For all the following columns, please use the standard universal scientific/medical term instead of abbreviations.
- GSM_ID: The unique identifier for the sample.
- race: The race of the individual (european, asian, african, other).
- sex: The sex of the individual (M, F).
- age: The age of the individual in years. If no detailed age information, use stage name (embryo, child, young adult, middle age adult, old adult).
- genetic_info: The types of genetic modifications present.
- disease: The health status of the individual (healthy or the standardized name of disease).
- treatment: The name of the treatment administered.
- tissue: The standardized name of tissue from which the sample was obtained (e.g., blood, skin, liver).
- cell_line: The name of the cell type or cell line used.
- vivo_vitro: The experimental context (in vivo for live humans or in vitro for cell lines).
- case_control: The biological comparisons for the experiment using 'ctrl' or 'case'. If there are multiple different conditions or different combination of conditions, use 'case1', 'case2', etc. For samples not in the main comparison, use 'NA'.
- group_name: A short name describing the conditions in the control and case groups, which will be used in scientific visualizations.
- perturbation_category: The category of perturbation that differentiates the control and case groups.

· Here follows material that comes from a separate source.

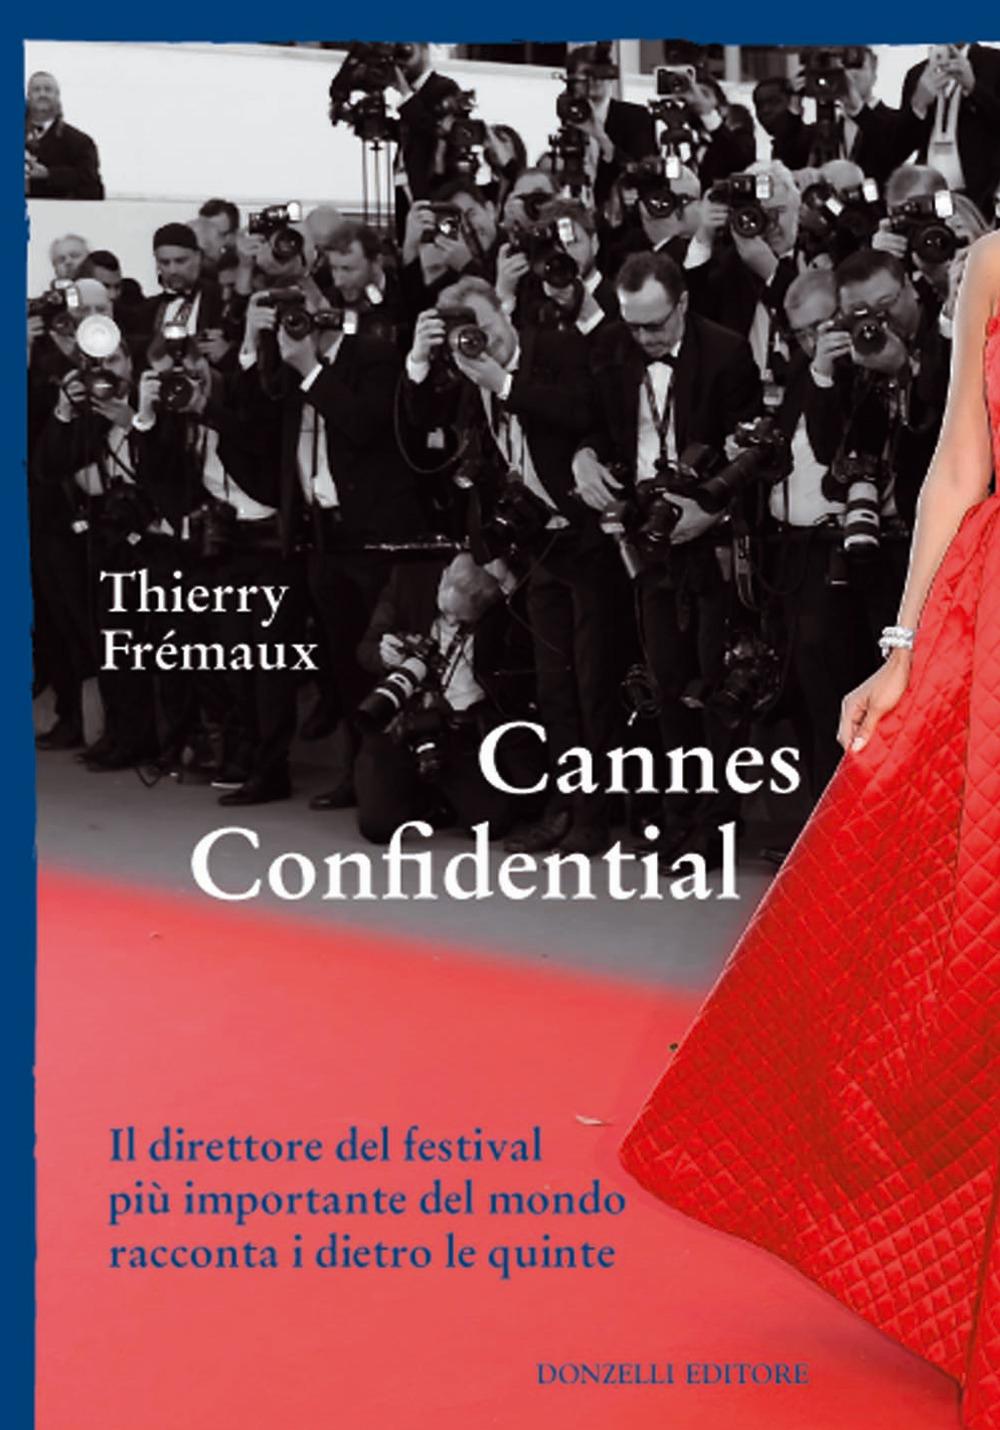 CANNES CONFIDENTIAL. IL DIRETTORE DEL FESTIVAL PIÙ IMPORTANTE DEL MONDO RACCONTA I DIETRO LE QUINTE - Fremaux Thierry - 9788868438647

The categories are:
- disease (any disease or medical conditions)
- genetic (any genetic modification)
- small molecule (drugs, metabolites, etc.)
- lifestyle (diet, exercise, smoking, etc.)
- environmental (microenvironment, pollution, etc.)
- others
- none
"""
completion = openai.ChatCompletion.create(
model="gpt-4",
messages=[
    {
    "role": "user",
    "content": f"You are a team of expert biologists and clinicians responsible for curating a dataset from the Gene Expression Omnibus. The unstructured metadata is provided as follows: Title: {title}, Summary: {summary}, Data: {df_meta_text}. Your objective is to standardize this metadata and return a CSV file containing the following columns: {TARGET_COLUMNS}. Detailed information about each column can be found here: {information}. If additional information is required for case_control statistical comparisons, you may include columns starting with 'covariate_'. Infer as much information as possible and use 'NA' for unknown details. As part of an automated system, your response should only consist of the CSV file, without any text before or after."
    }
  ]
)
description_prediction = completion.choices[0].message.content
return description_prediction

Through this automated method, the conversion of the large dataset became feasible and efficient, driving the longevity research further and enabling the scientists to focus on core research tasks.

Results

Through the combined use of programmatic labels, GPT-3 integration, and GPT-4 integration, we were able to automate the conversion of the large dataset. This automation not only saved valuable time and cost but also ensured high accuracy in the generated predictions.

The successful outcome of the solution allowed the team to leverage the algorithm for training a model via clock-based to explore the possibility of extending human life. This research has the potential to bring significant benefits to society.